According to the Met Office, a coronal mass ejection (CME) was seen leaving the Sun on Tuesday, and it reached Earth on Wednesday evening.

The Northern Lights visible near Crediton in Devon last night

When charged particles from the Sun meet the Earth’s magnetosphere, it generates a geomagnetic storm that produces eye-catching light shows, but the displays are usually limited to high-latitude regions around the Arctic and Antarctic.

But when the solar flares or coronal mass ejections are particularly strong, these shows can appear at lower latitudes – and many cloud-free and low-light pollution areas across the UK this evening, with the displays spotted as far south as Bedfordshire. 

There has been a marked increase in larger flares that can cause more southerly aurora in recent months, with the most recent on Thursday, October 28 – known as the Halloween storm.

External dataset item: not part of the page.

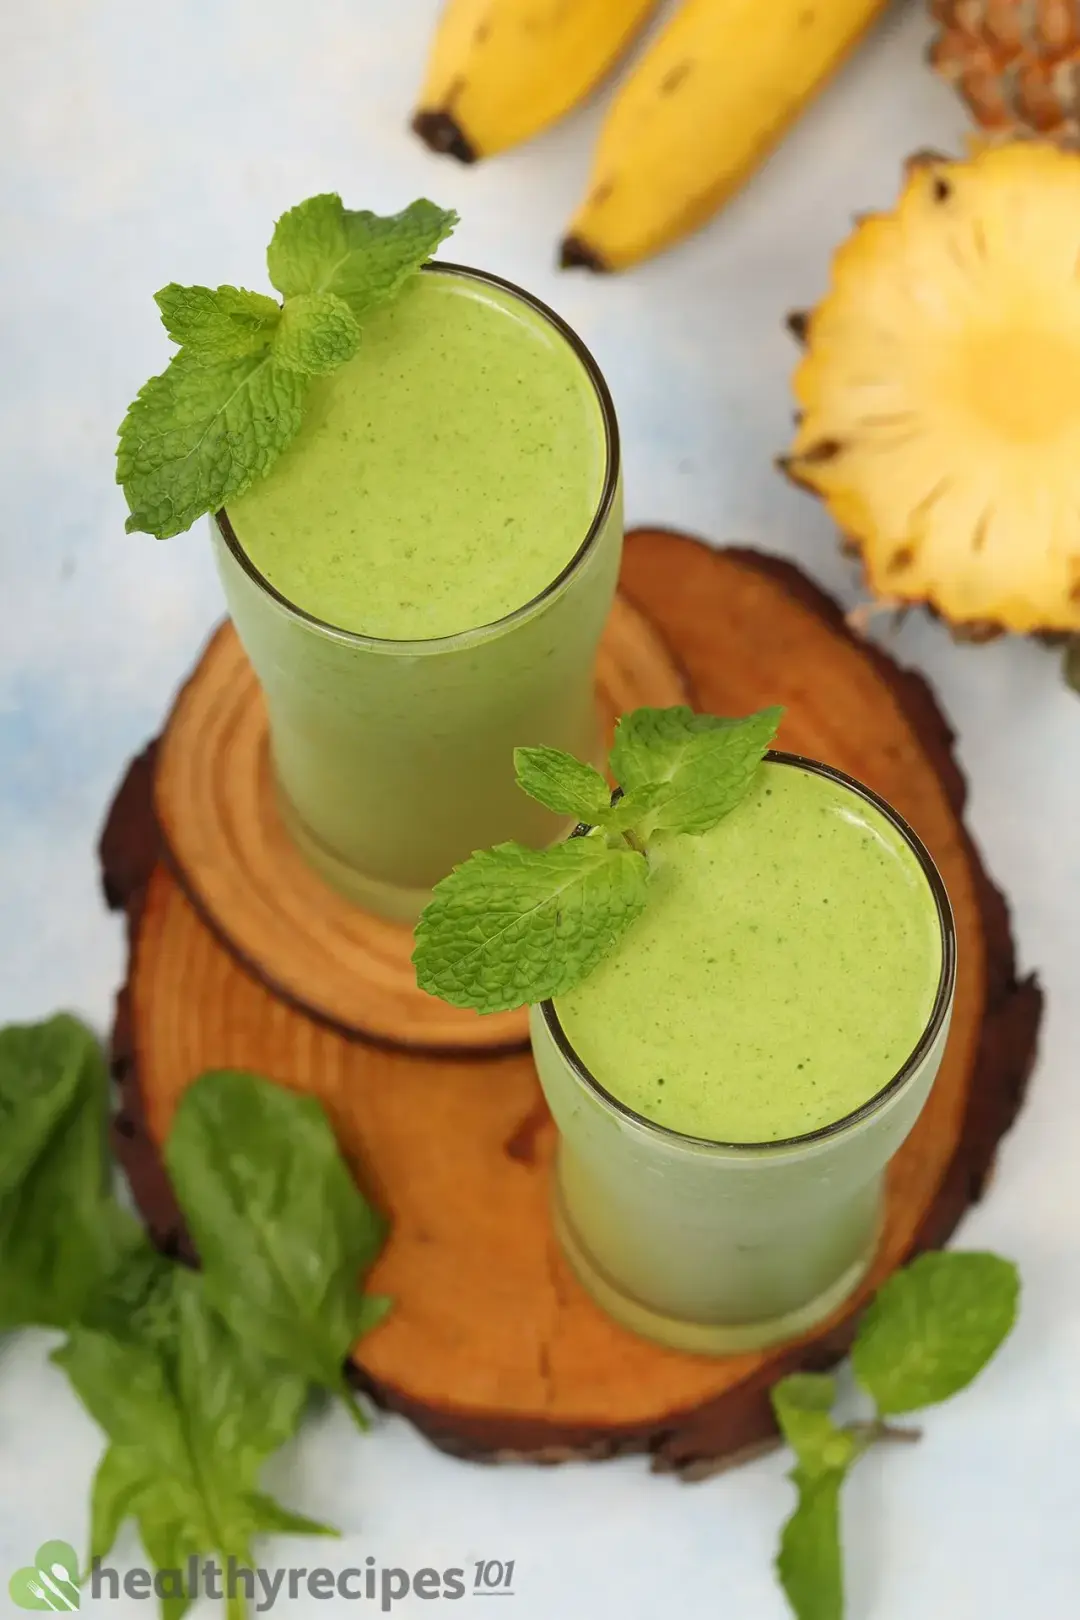 benefits of banana in Spinach Smoothie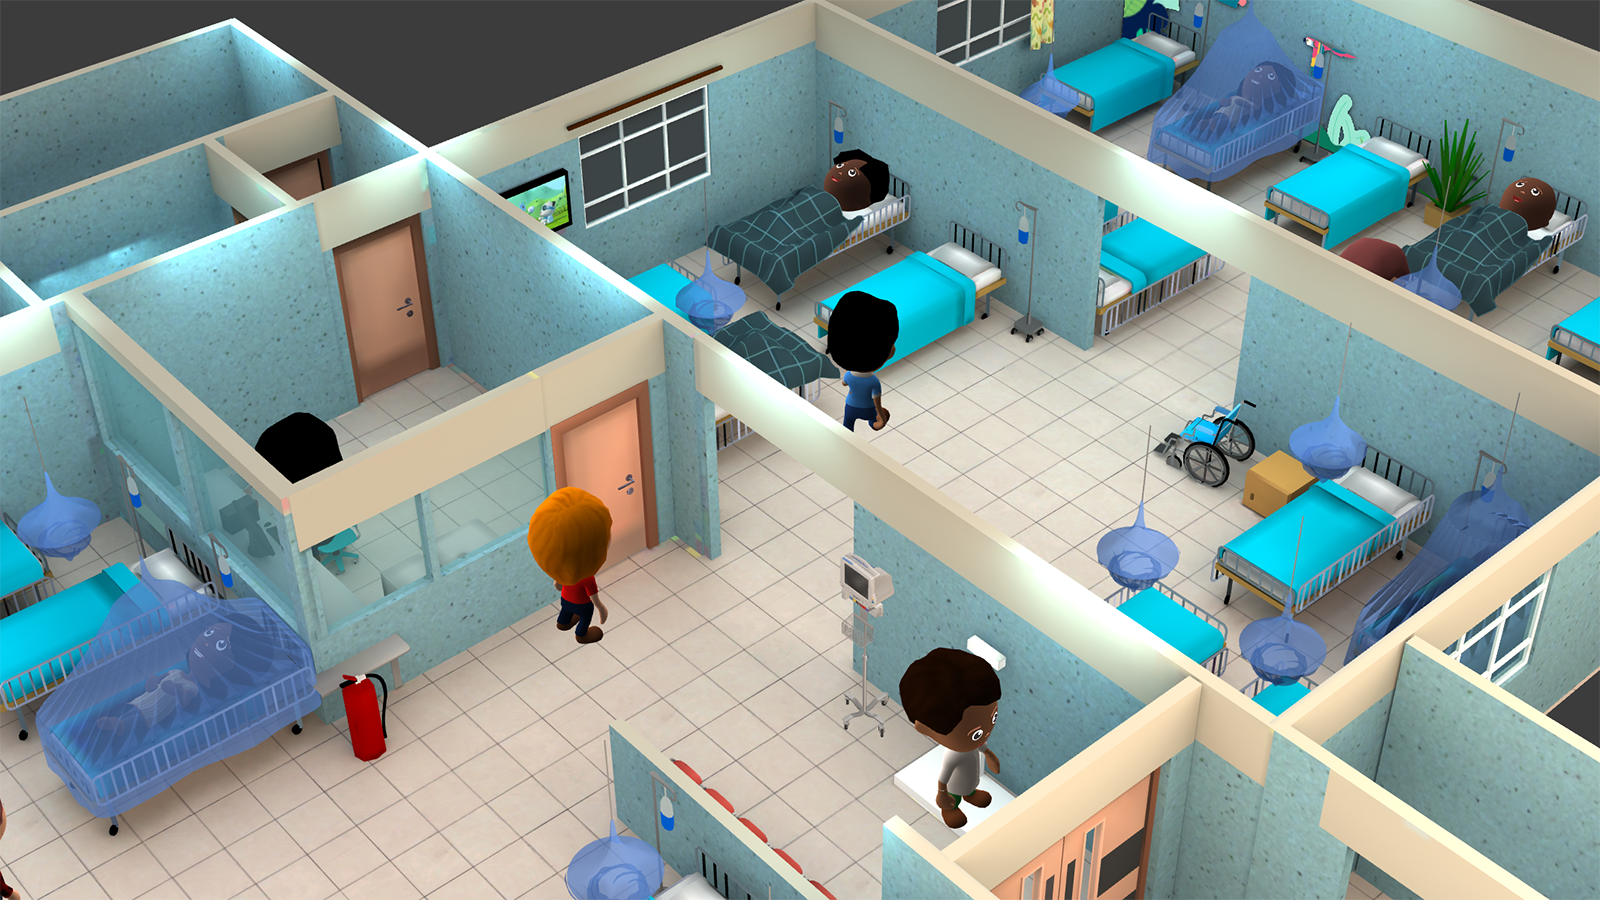 3D interactive environment of a ward in Malawi

Tomorrow will see early patches of mist soon lift and clear during the morning. It will then be mostly dry but dull and cloudy during the day although cloud cover will break at times and some bright or sunny spells will develop. There will be some patchy light rain and drizzle across western Scotland.

Ms Nasir said: ‘Now through Thursday evening and overnight a fairly widespread frost inland yet again. Again though showers just peppering the coast of the East as well as the West. Inland it will be dry.

‘And then we will see more clouds along the Far North of Scotland, some patchy rain here for the North West as well, particularly on the upslopes.

‘Temperatures not as low here, and certainly through the day on Friday, with a ridge coming in from the West, many areas seeing some dry conditions as temperatures rise to around 11C, 12C.

‘Not a bad day, although there will always be more cloud and some dampness in the air across the Far North and North West.’

Saturday will continue generally dull with cloudy skies and outbreaks of rain will sink southwards across Scotland and Northern Ireland.

Early rain will soon clear southwards on Sunday, and it will then be mostly dry with sunny spells and variable amounts of cloud. There is also a chance of a few showerS.

Ms Nasir said: ‘All change on Saturday, gales for the North as well as the West of Scotland, outbreaks of rain which will sink their way southwards. A breezy day wherever you are, but temperatures slightly higher yet again.’

In the Met Office’s outlook for the first half of November, it says: ‘Blustery showers are possible in the far east and northeast at the start of the period, but these quickly clearing. Otherwise, plenty of fine, dry weather with long spells of sunshine.

‘Feeling colder initially, with frosts possible, especially in the north. Rain and thicker cloud will then steadily encroach from the west. Areas of low pressure lying to the north or northwest of the UK will then bring unsettled conditions, predominantly affecting the north and west, with some heavy rain and strong winds followed by cooler, more showery interludes.

‘The driest and brightest weather is likely to be in the southeast where rain bands will often be weak. Temperatures generally around average thorough this period, although brief cold spells possible.’

Looking ahead to the period from November 18 to December 2, the Met Office says: ‘Through this period, there is an increased chance of wintry showers from the north and northwest, initially over higher ground but also a low risk at lower levels later in the month.

‘While there is little sign of prolonged, widespread settled weather, conditions are likely to be less stormy and windy. Where there are more settled spells, frost and fog are increasingly likely, with temperatures slightly colder than average. Overall remaining drier than average.’

BBC Weather’s forecast for this period said: ‘Moving into the second half of November, we should see an overall colder pattern begin to take shape.’ It added: ‘High pressure near Greenland will help direct colder air from the north towards the UK, leading to a period of below normal temperatures. 

‘As the Greenland high becomes more entrenched and occasionally extend towards Northern Europe, winds are likely to diminish. With low pressure still expected to be close by, this doesn’t appear to be a dry pattern, but it is also unlikely to be an extremely wet pattern.’